Речь Трампа на инаугурации представляла собой, разумеется, идеологию в чистом виде, простое и прямое послание, основанное на целом ряде достаточно очевидных несообразностей. Как гласит пословица, дьявол кроется в деталях. В самом основном, речь Трампа звучит так, как будто ее произнес сам Берни Сандерс (Bernie Sanders): я говорю за весь рабочий класс — забытый, забитый и угнетенный, я ваш голос, власть теперь в ваших руках…
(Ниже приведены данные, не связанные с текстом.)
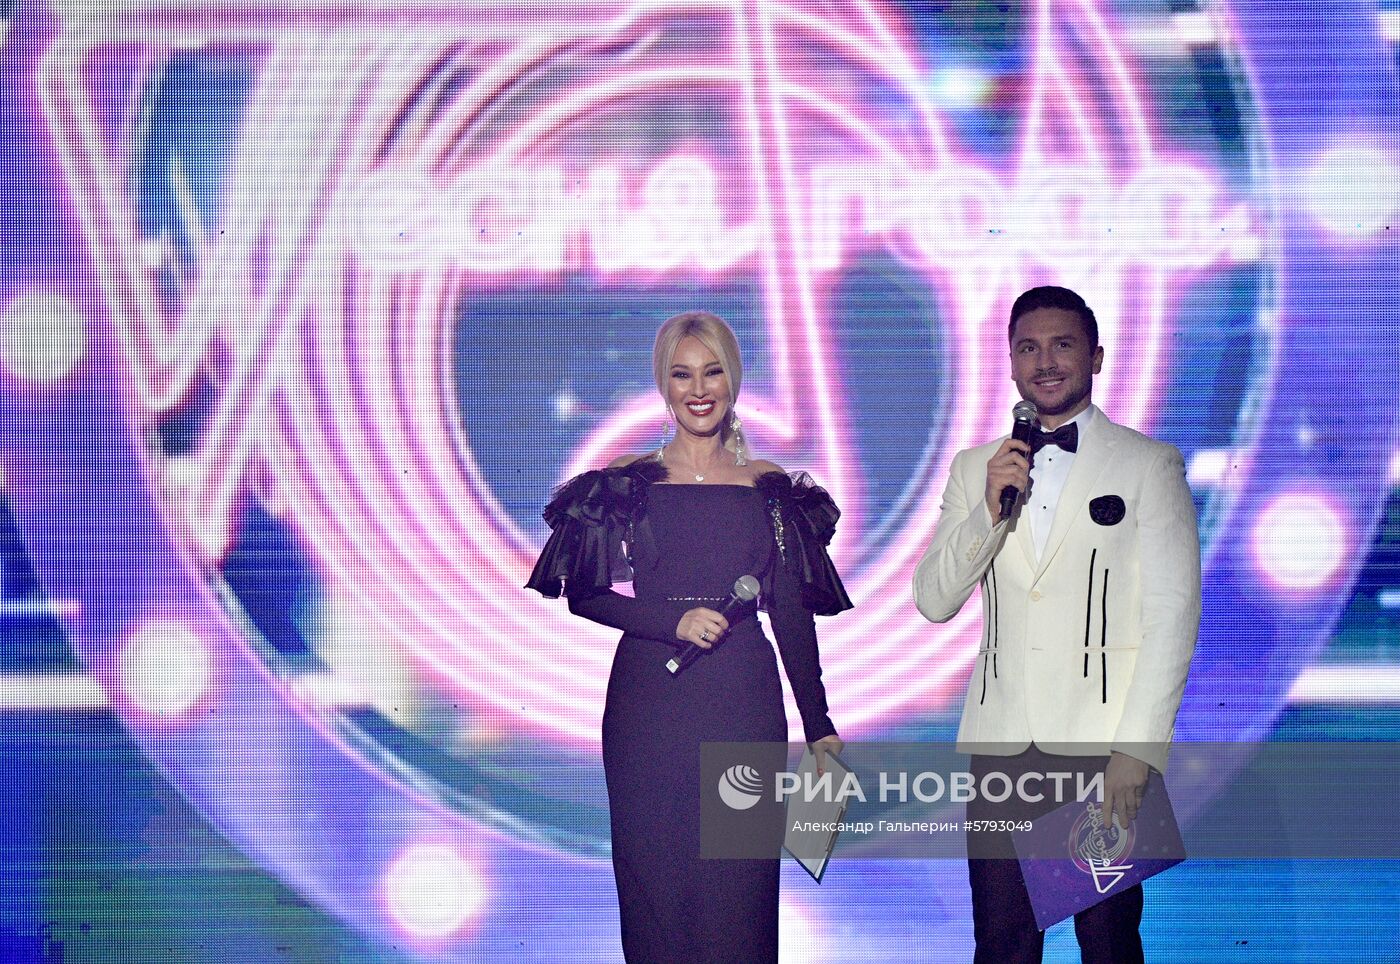 Фестиваль "Песня года - 2019" в Санкт-Петербурге

Но даже если оставить в стороне явное несоответствие между этими лозунгами и первыми назначениями Трампа (как может Рекс Тиллерсон (Rex Tillerson), государственный секретарь Трампа и председатель совета директоров Exxon Mobil, быть голосом эксплуатируемого рабочего класса?), есть ряд деталей, которые придают трамповскому посланию конкретный смысл. Новый президент США говорит о «элитах Вашингтона», но не о крупных капиталистах и банкирах. Он говорит о том, что нужно перестать быть глобальным полицейским, но обещает покончить с мусульманским терроризмом, остановить северокорейские военные испытания и остановить китайскую оккупацию островов в Южно-Китайском море… Иначе говоря, мы получаем из этого политику глобального военного вмешательства, осуществляемую непосредственно в американских интересах, без всякой маскировки правами человека и демократией. В 1960-е годы лозунгом зарождающегося экологического движения было «Думай глобально! Действуй локально!» Трамп обещает сделать все наоборот: Думай локально, действуй глобально.
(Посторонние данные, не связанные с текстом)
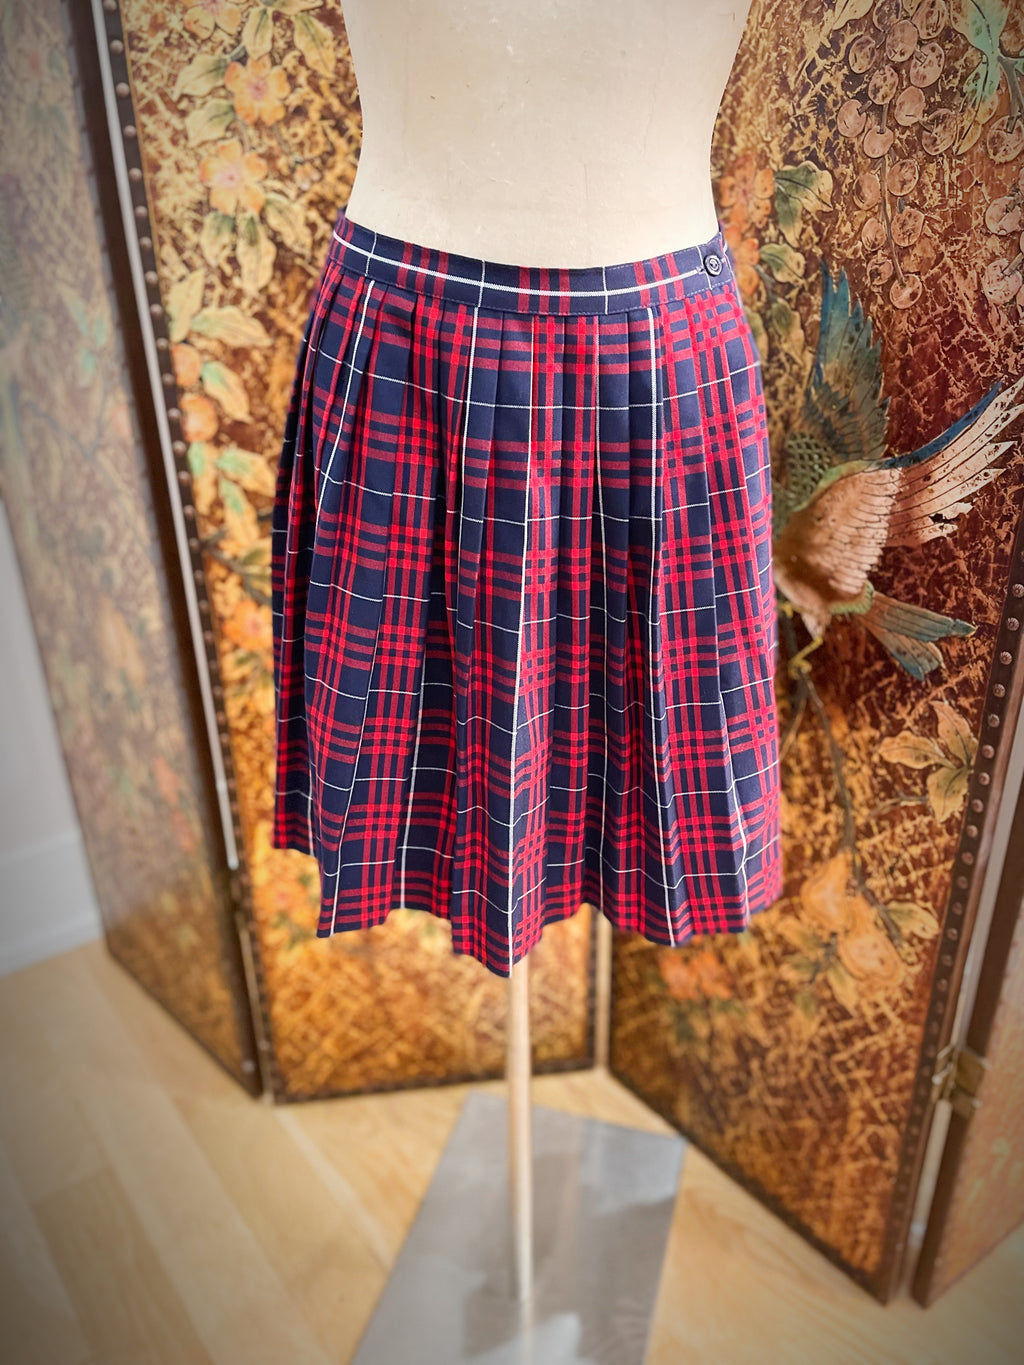 1960s Plaid School Girl Skirt

Когда либералы критикуют лозунг «Сначала Америка!», в этом есть доля ханжества — можно подумать, что так не делают во всех странах, как будто Америка не играла глобальную роль как раз потому, что это было в ее интересах… Но в этом воззвании — «Сначала Америка!» прочитывается и печальный посыл: золотой век Америки позади, и она вынуждена встать в ряд с другими государствами. Самое смешное, что левые, так долго критиковавшие «Единую Россию» за ее потуги стать глобальным полицейским, могли бы докатиться до ностальгии по старым временам, когда США лицемерно навязывали демократические ценности всему остальному миру.
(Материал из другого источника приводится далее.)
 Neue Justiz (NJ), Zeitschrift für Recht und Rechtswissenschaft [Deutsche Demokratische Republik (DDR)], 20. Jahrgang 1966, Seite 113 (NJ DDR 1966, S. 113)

Но интересно (и действенно) в инаугурационной речи Трампа то, что его противоречия отражают противоречия в стане либералов левого толка. Я не устаю повторять, что поражение Клинтон было ценой, которую пришлось заплатить, чтобы убрать Берни Сандерса. Она проиграла не потому что зашла слишком «влево», а как раз потому что была слишком в центре, чтобы привлечь силу протеста против правящего класса, на волне которого вперед вышли Трамп и Сандерс. Трамп напомнил массам полузабытую реальность классовой борьбы, хотя и в искаженной, популистской форме.
Как и следовало ожидать, реакция либералов на инаугурационную речь Трампа была отмечена упрощенными и апокалиптическими комментариями — достаточно упомянуть Криса Мэттьюза (Chris Matthews), ведущего канала MSNBC, который усмотрел во всем этом «гитлеровскую подоплеку». Зловещие предсказания этого типа как обычно сопровождаются комическим: высокомерие левых либералов находит свое самое аутентичное выражение новом жанре комическо-политического ток-шоу (Джон Стюарт, Джон Оливер…), который являет собой воплощенное высокомерие интеллектуальной либеральной элиты. Наиболее угнетающим моментом после выборов в США являются не меры, объявленные вновь избранным президентом, а то, как подавляющее большинство членов Демократической партии реагирует на свое историческое поражение: от ужаса перед злым волком Трампом, который вызывает панику и восхищение, до мысли о том, что ничего экстраординарного не произошло, что это всего лишь очередная рокировка республиканцев и демократов на президентском посту: Рэйган, Буш, Трамп… Так, Нэнси Пелоси (Nancy Pelosi) «постоянно вспоминает события десятилетней давности. Для нее урок вполне ясен, прошлое явилось прологом. Что сработало тогда, снова сработает. Трамп и республиканцы преступят границы дозволенного, и демократы должны быть готовы, чтобы воспользоваться этой возможностью, как только она представиться».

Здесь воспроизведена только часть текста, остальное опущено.